Any final frugal thoughts to share?
- My biggest tip is to NOT go shopping until necessary. It’s amazing how many “extras” you can throw in the cart. By not even going to the store, it cuts down on that tremendously.
- At restaurants, we order water and take powdered drink mixes (like lemonade).
- I do use coupons, but am not a fanatic. I only use them if it is something I am going to buy anyway. I like that at Target you can use one of their coupons and a manufacturers coupon.
- I do NOT go to a store to use a coupon “just because I have a coupon.” Even if I save $10 off of a $25 purchase, I am still spending $15!
- I stock up on holiday coupons at fast food restaurants. Our McDonald’s sells Trick or Treat and Valentine’s Day coupons where you get 12 free items for $1. I recently bought 10 packs and am able to take my girls there for a special treat after school. Taco Cabana had similar coupons for Halloween.
- Thrift store shopping! I buy 90% of our clothes at the thrift store. I also find books and games for my kids and my classroom at rock bottom prices.
- I am a Sonic junkie. At the beginning of the month, I put $20 on a Sonic card to use and when it’s gone, it’s gone! This helps curb my addiction a little.
- I use the Target 5% debit card. It’s a free way to save on all purchases!
- I only go grocery shopping once a month for major items, then go about every 10 days for milk and fruit, etc. I have a VERY detailed grocery list that I print off and highlight the things I need.
- I buy generic whenever possible. Our grocery store does not do double coupons, so even with a coupon, generic brands are often cheaper.
- Right now, Wal-Mart and our grocery store gas stations are offering 10 cents off every gallon of gas if you use a gift card. That adds up!
- We are content eating basic meals. Usually it’s the main course, a bread, and a vegetable- nothing too fancy or expensive!
- I have learned to keep a wish list all year for myself and the kids. Then when it comes time for a birthday or Christmas, I have practical ideas already in place.
- I buy birthday party gifts all year long by shopping on the clearance rack.
- I set a budget for Christmas gifts and stick to it.

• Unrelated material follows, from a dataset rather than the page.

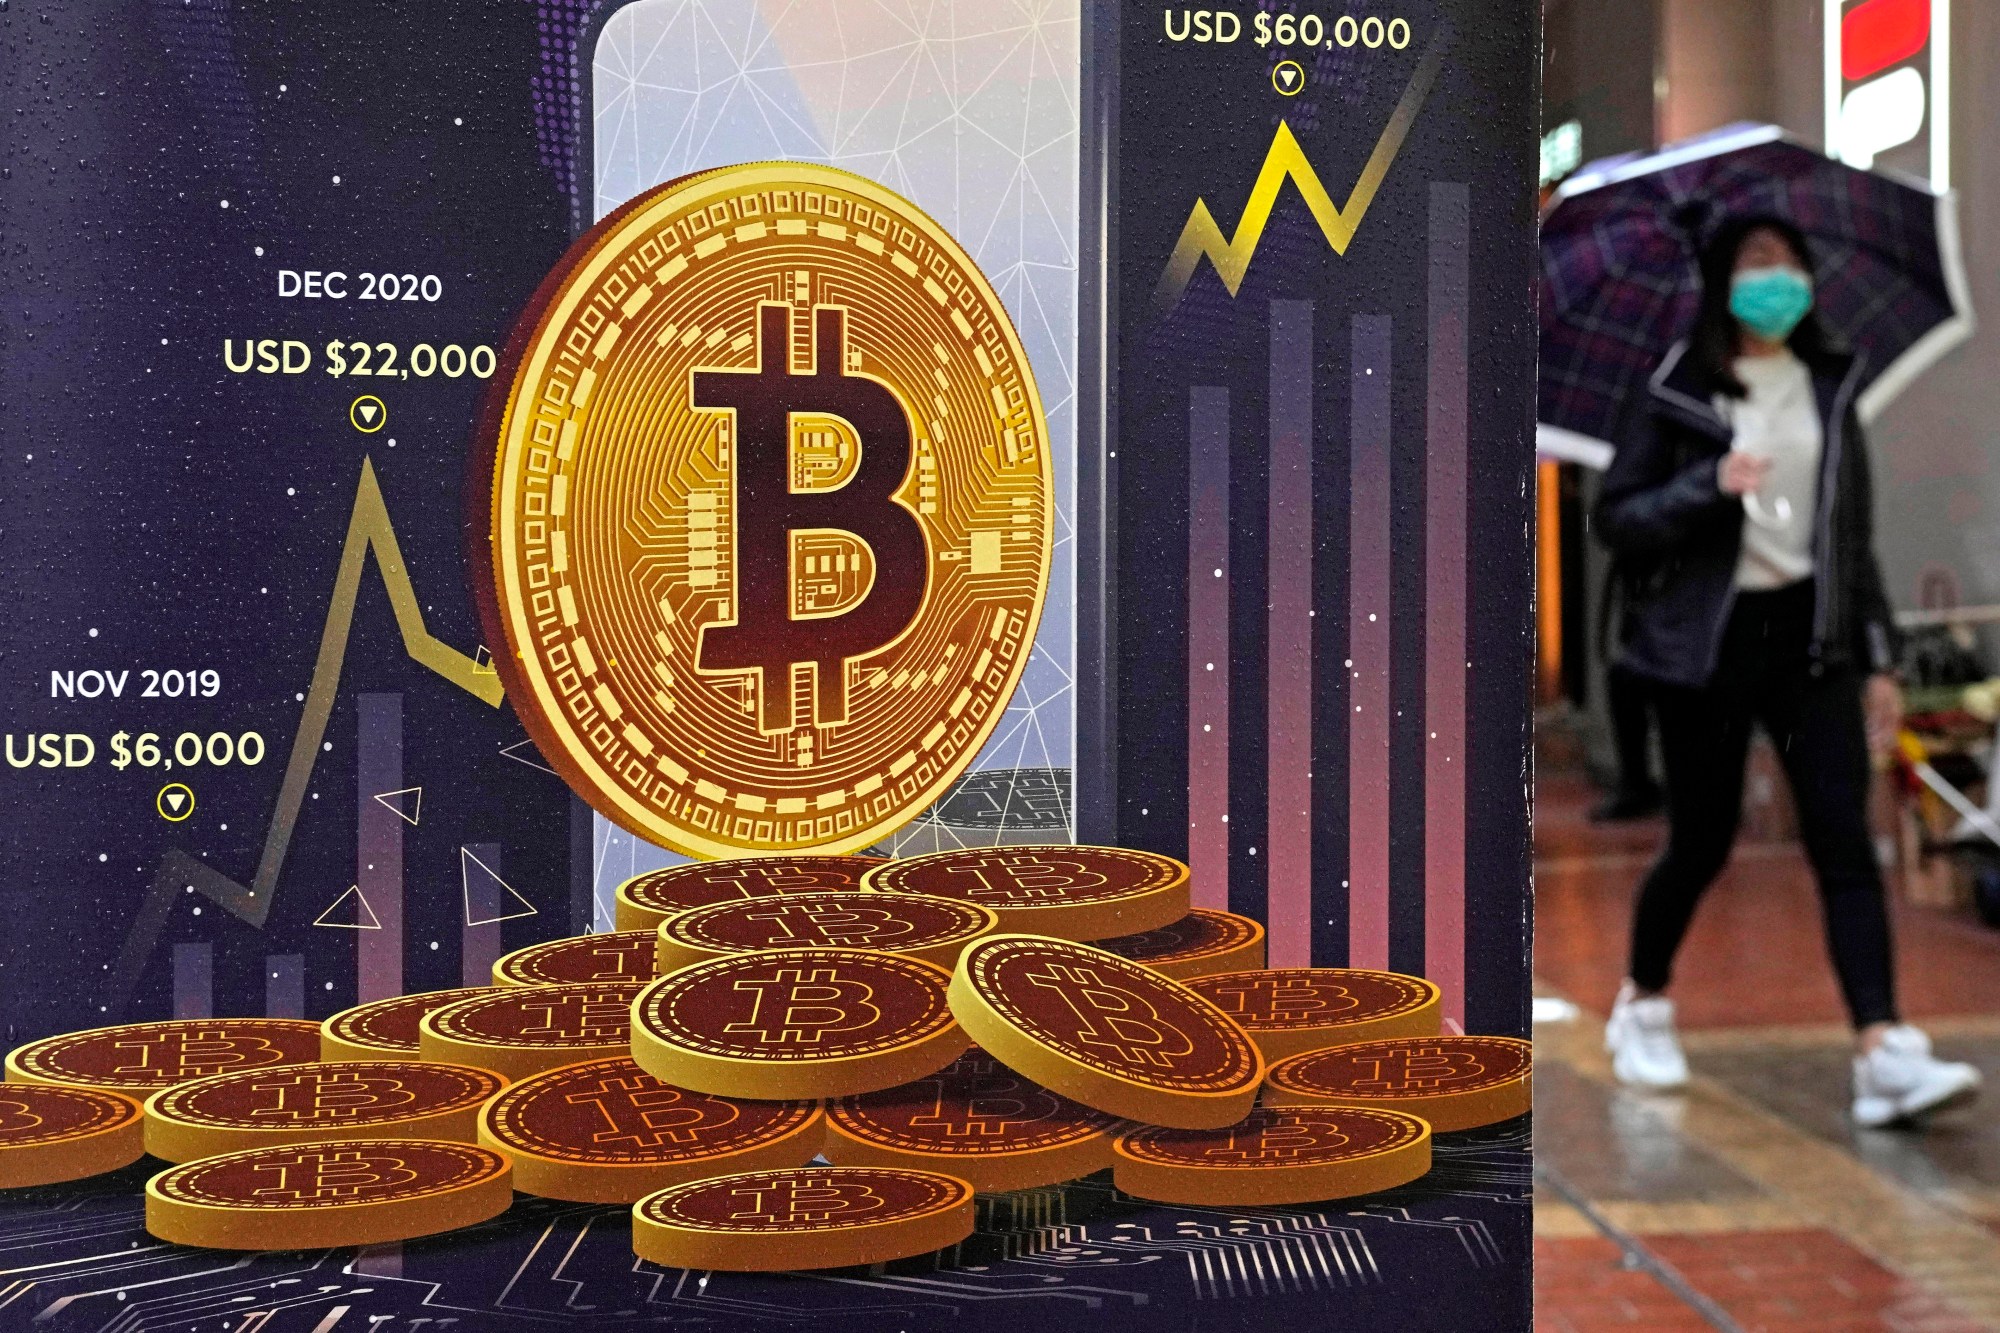 Bitcoin worth $72 million stolen from Bitfinex exchange in Hong Kong | Reuters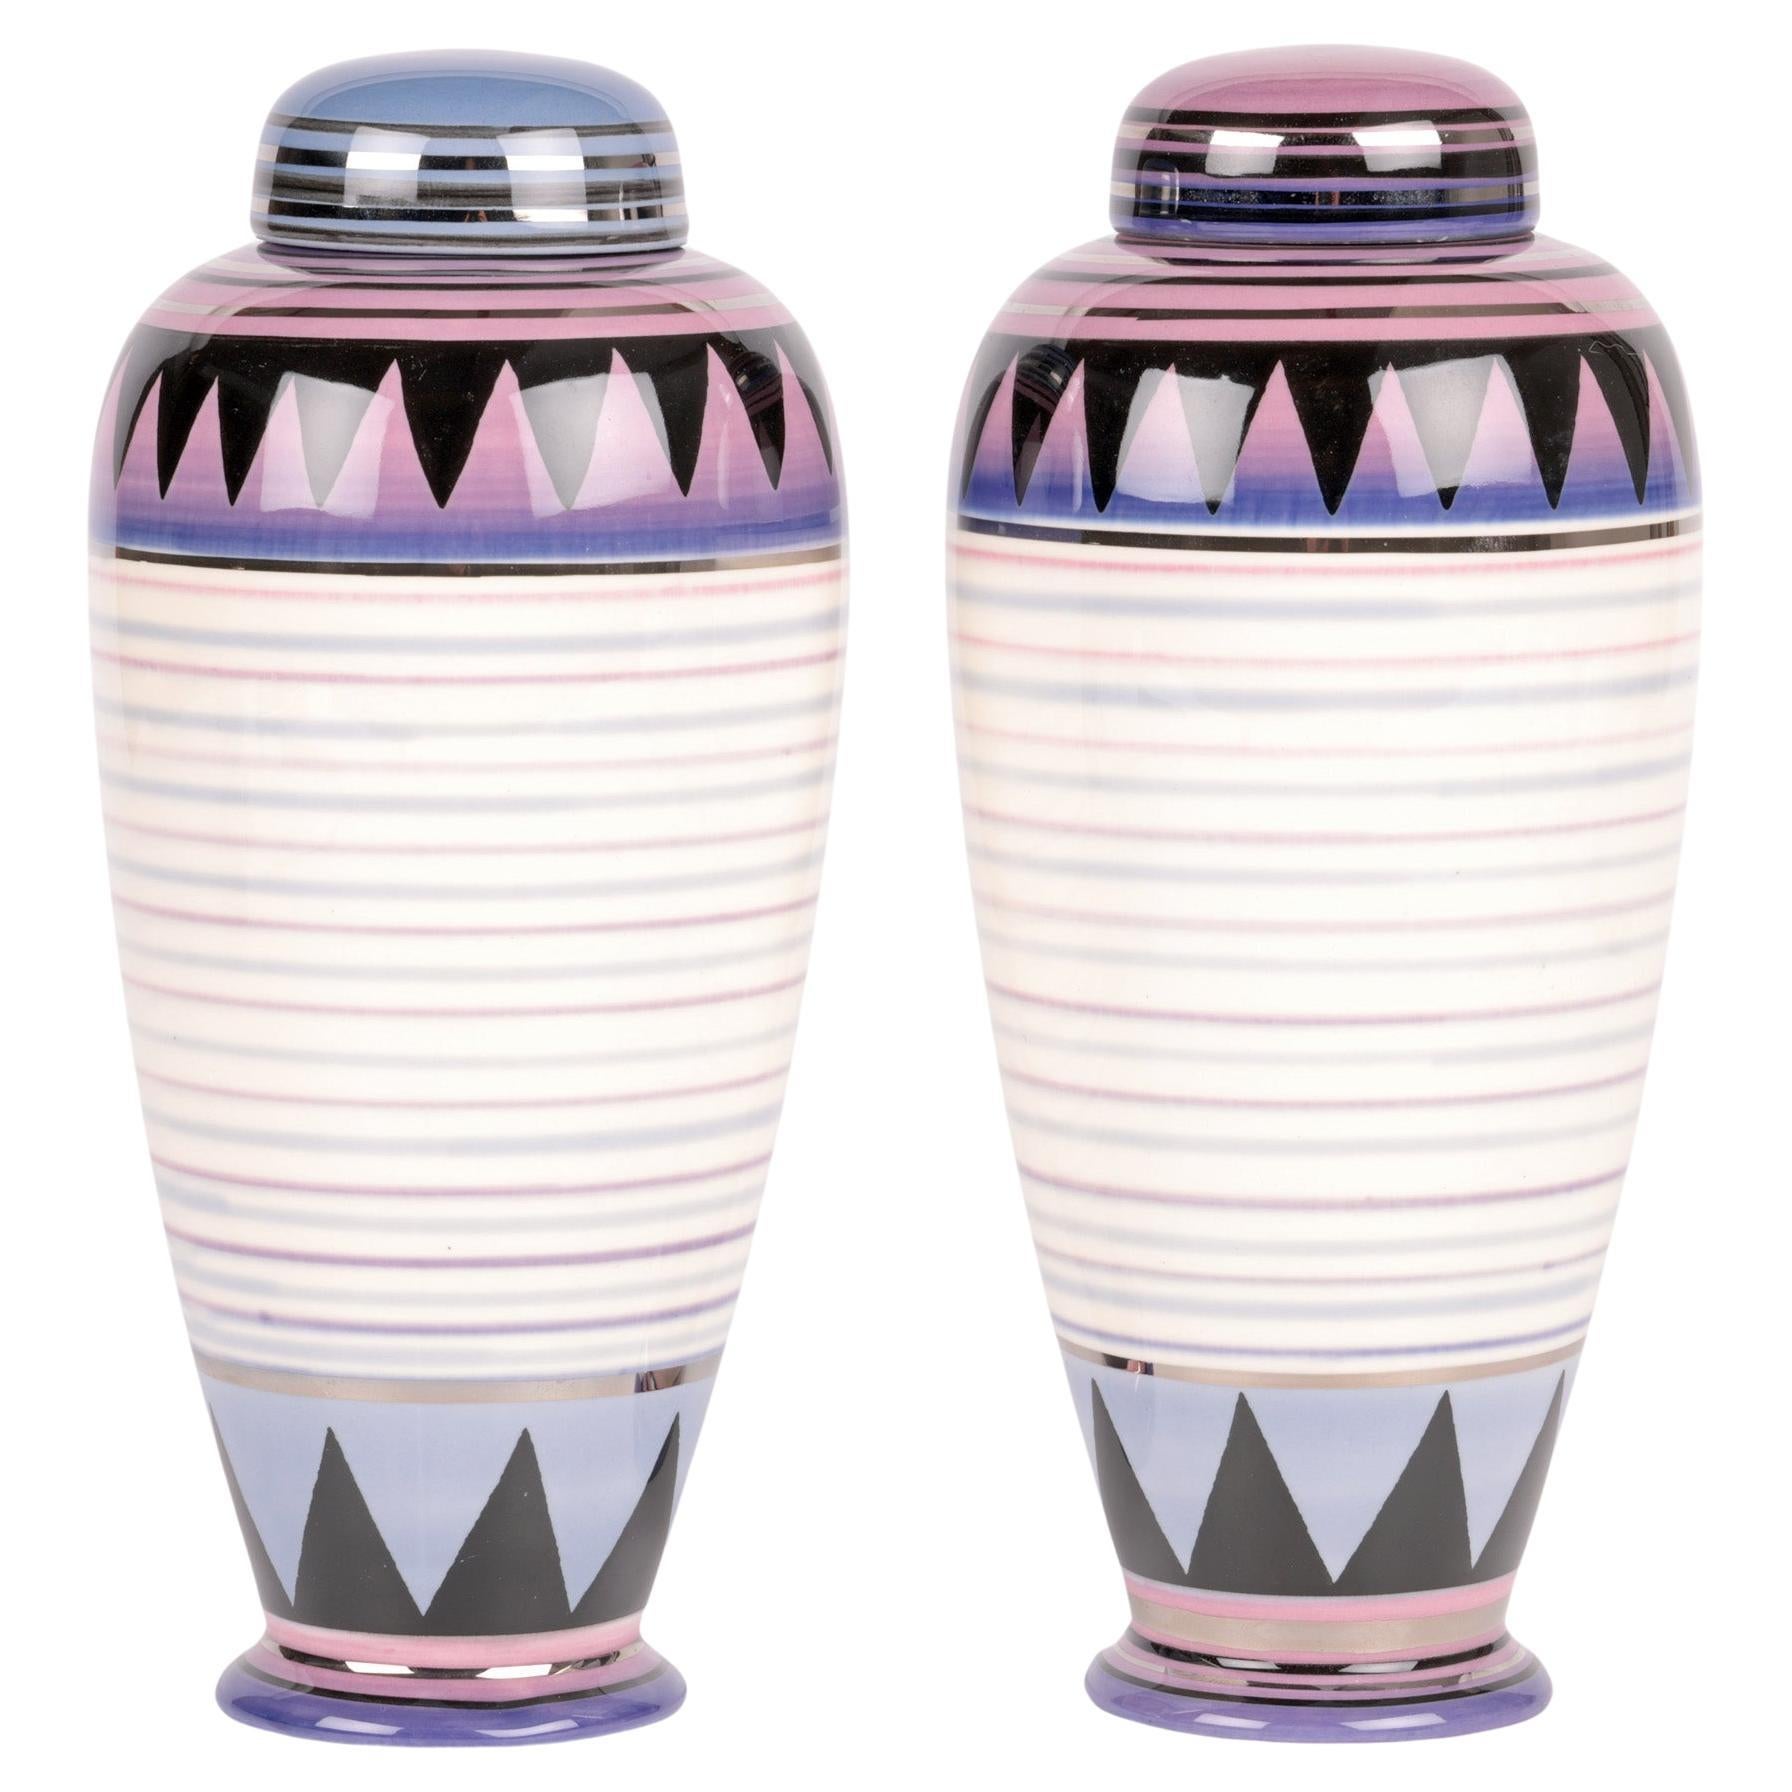 Moorland Pottery Pair Ceramic Lustre Lidded Vases   For Sale

- We only buy 3 gifts for our girls at Christmas- a gold (“big”), frankincense (Christian), and myrrh (practical gift or gift of time) gift as well as some stocking stuffers. This takes the pressure off of “do they have enough?”
- I take advantage of holiday gift card specials, such as buy $30, get $10 free, on places that I will shop anyway.
- I check my bank account every other day and write it down on my budget sheet so I know EXACTLY what I am spending each month and where the money goes.
- I try to plan ahead for things such as car insurance, HOA, sports fees, etc., by paying a little bit each month when possible.
Thanks, Amy, for sharing your life and heart with us!